Fig. 4. High concentrations of BCKA activate protein synthesis in isolated perfused hearts in concert with increased 4E-BP1 phosphorylation.

Wistar rat hearts were isolated and perfused with buffers containing no BCKA (n = 3; gray), BCKA at concentrations found in the plasma of lean rats (n = 3; light blue) or BCKA at concentrations found in the plasma of obese rats (n = 3; dark blue). a Upper panel–immunoblot analysis of the incorporation of puromycin into newly synthesized proteins. Lower panel—immunoblot of total and phosphorylated ribosomal protein S6 and 4E-BP1. b Densitometric quantification of puromycin labeling (normalized to actin loading control), phosphorylated ribosomal protein S6 (normalized to total S6), and phosphorylated 4E-BP1 (normalized to total 4E-BP1). Data represent mean ± SEM. Statistical differences indicated by Tukey’s HSD post-hoc test following one-way ANOVA: *P < 0.05, **P < 0.005.

Fig. 5. Effect of BCKA exposure on the cardiac phosphoproteome.

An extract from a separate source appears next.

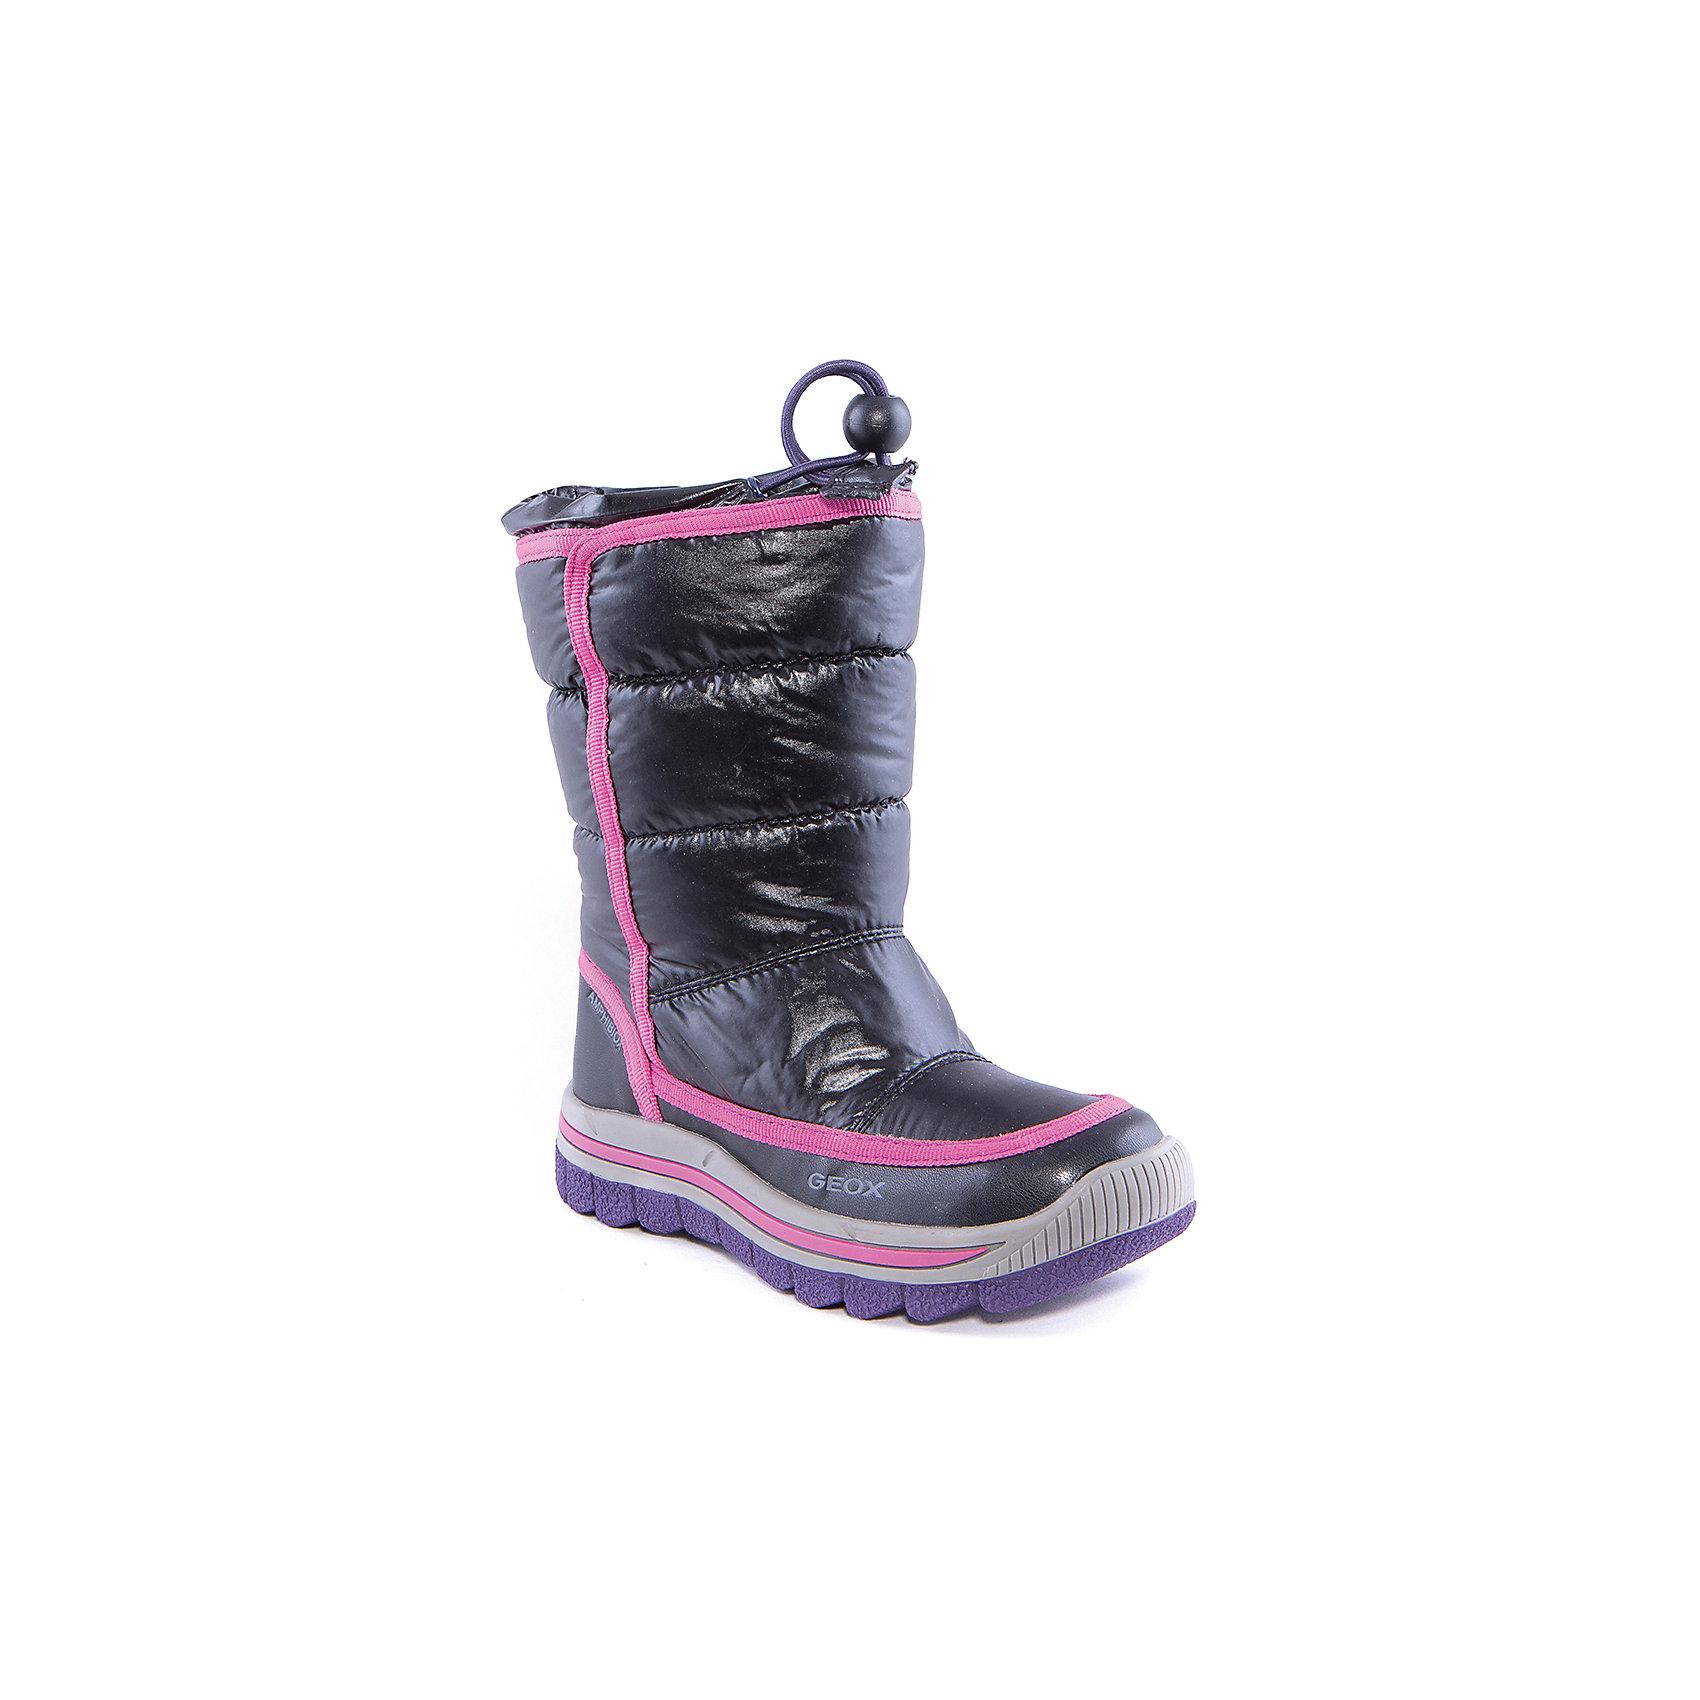 Сапоги для девочки GEOXСапоги для девочки от популярной марки GEOX.<br><br>Стильные дутые сапоги сделаны по уникальной технологии. <br>Производитель обуви GEOX разработал специальную дышащую подошву, которая не пропускает влагу внутрь, а также высокотехнологичную стельку. При производстве этих полусапожек была задействована технология Amphibiox, делающая обувь непромокаемой. <br><br>Отличительные особенности модели:<br><br>- цвет: черный;<br>- украшены окантовкой цвета фуксия;<br>- гибкая водоотталкивающая подошва с дышащей мембраной;<br>- утепленная стелька;<br>- мягкий и легкий верх;<br>- защита пятки и пальцев;<br>- эргономичная форма;<br>- удобная утяжка со стоппером на голенище;<br>- комфортное облегание;<br>- ударопрочная антибактериальная стелька;<br>- защита от промокания - технология Amphibiox;<br>- верх обуви и подкладка сделаны без использования хрома.<br><br>Дополнительная информация:<br><br>- Температурный режим: от - 20° С  до -5° С.<br><br>- Состав:<br><br>материал верха: синтетический материал<br>материал подкладки: текстиль (флис), искусственный мех<br>подошва: резина<br>Сапоги для девочки GEOX (Геокс) можно купить в нашем магазине.<br><br>Ширина мм: 257<br>Глубина мм: 180<br>Высота мм: 130<br>Вес г: 420<br>Цвет: черный<br>Возраст от месяцев: 60<br>Возраст до месяцев: 72<br>Пол: Женский<br>Возраст: Детский<br>Размер: 29,28,30,31,32,33,35,37,38,39,36,34<br>SKU: 4178480

a Volcano plot depicting the 9057 phosphopeptides detected using isobaric tandem mass tags (TMT) labeling and one-dimensional liquid chromatography, tandem mass spectrometry (1D-LC-MS/MS) in hearts perfused with levels of BCKA found in lean (LoBCKA; n = 4) or obese (HiBCKA; n = 5) rats. Each data point represents the −Log10 P-value (y-axis) and Log2 fold change HiBCKA/LoBCKA (x-axis) for each phosphopeptide following a two-way, paired Student’s t-test. A significance threshold of >2 fold change and P-value <0.01 was used. Significantly upregulated phosphopeptides are colored red, significantly downregulated phosphopeptides are colored blue. Phosphopeptides that did not meet the significance threshold are colored gray. b The top five overrepresented gene ontology (GO) terms for the significantly upregulated (red) and downregulated (blue) phosphopeptides are shown. Consensus phosphosite motif sequences generated for down and upregulated phosphosites are shown in panels c and d, respectively. e–f Protein-protein interaction networks generated in STRING v11 for significantly downregulated (e) and upregulated (f) phosphoproteins.

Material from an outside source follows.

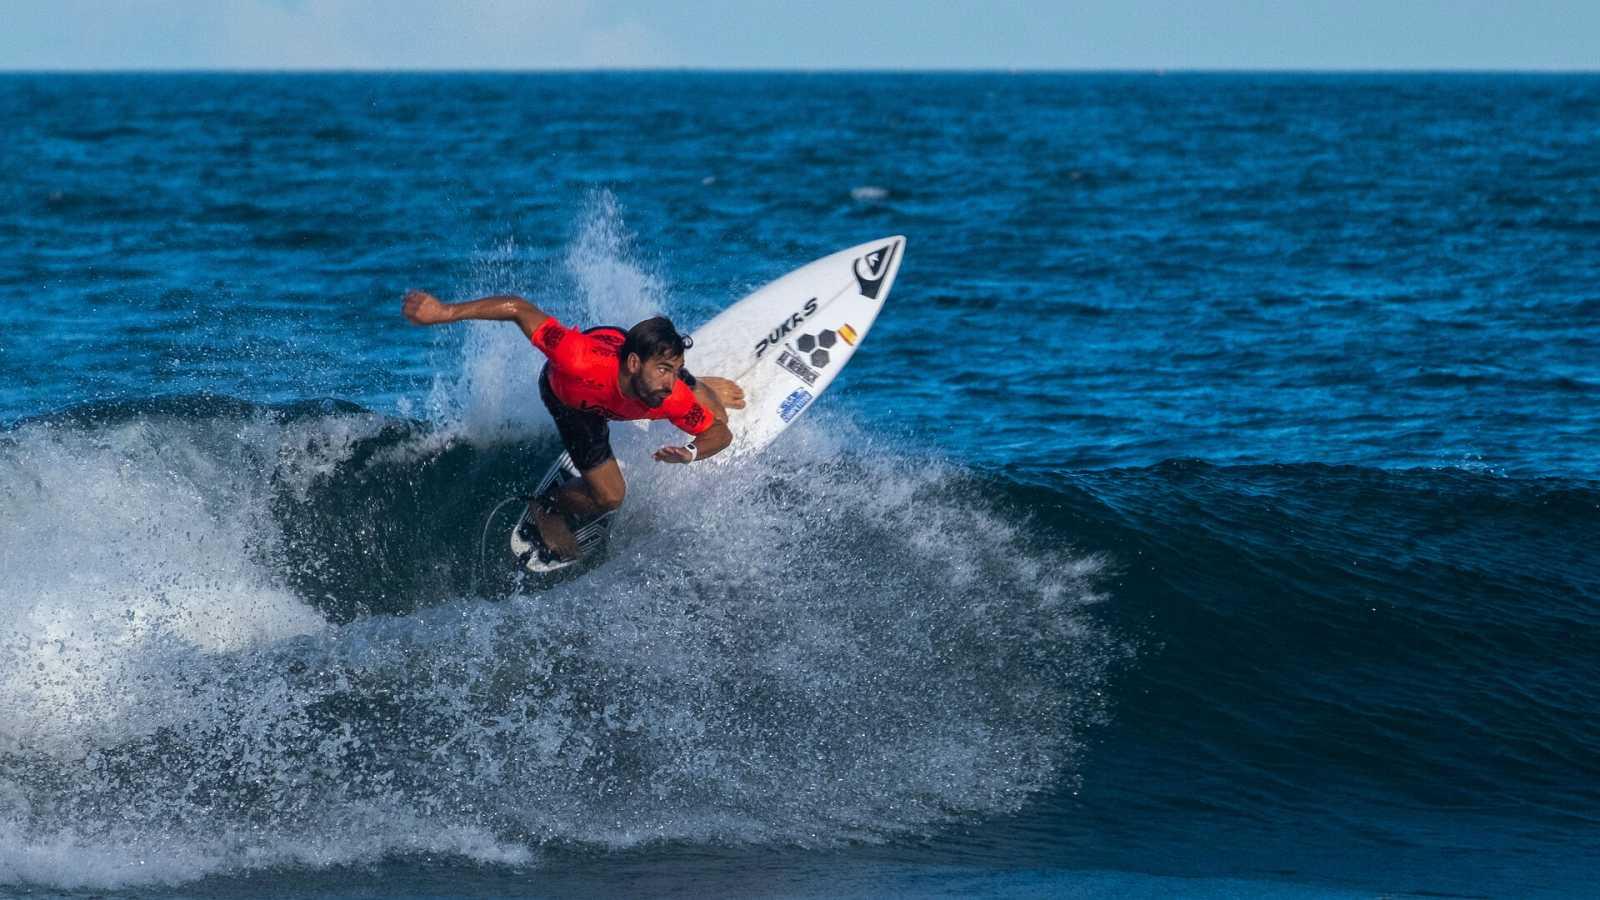 Por tres razones - Los surfistas españoles que podrían ser olímpicos - 27/04/21 - escuchar ahora

Fig. 6. Schematic of KIV fate in the heart.

Stable isotope-resolved metabolomics in isolated hearts perfused with [U-¹³C] KIV demonstrates that the major fates of KIV are not oxidation to TCA cycle intermediates but rather reamination to valine and conversion to 3-hydroxyisobutyrate (3-HIB). Acute exposure of isolated hearts to increased supply of BCKA is sufficient to promote inhibitory phosphorylation of the translational repressor 4E-BP1 and increase protein synthesis.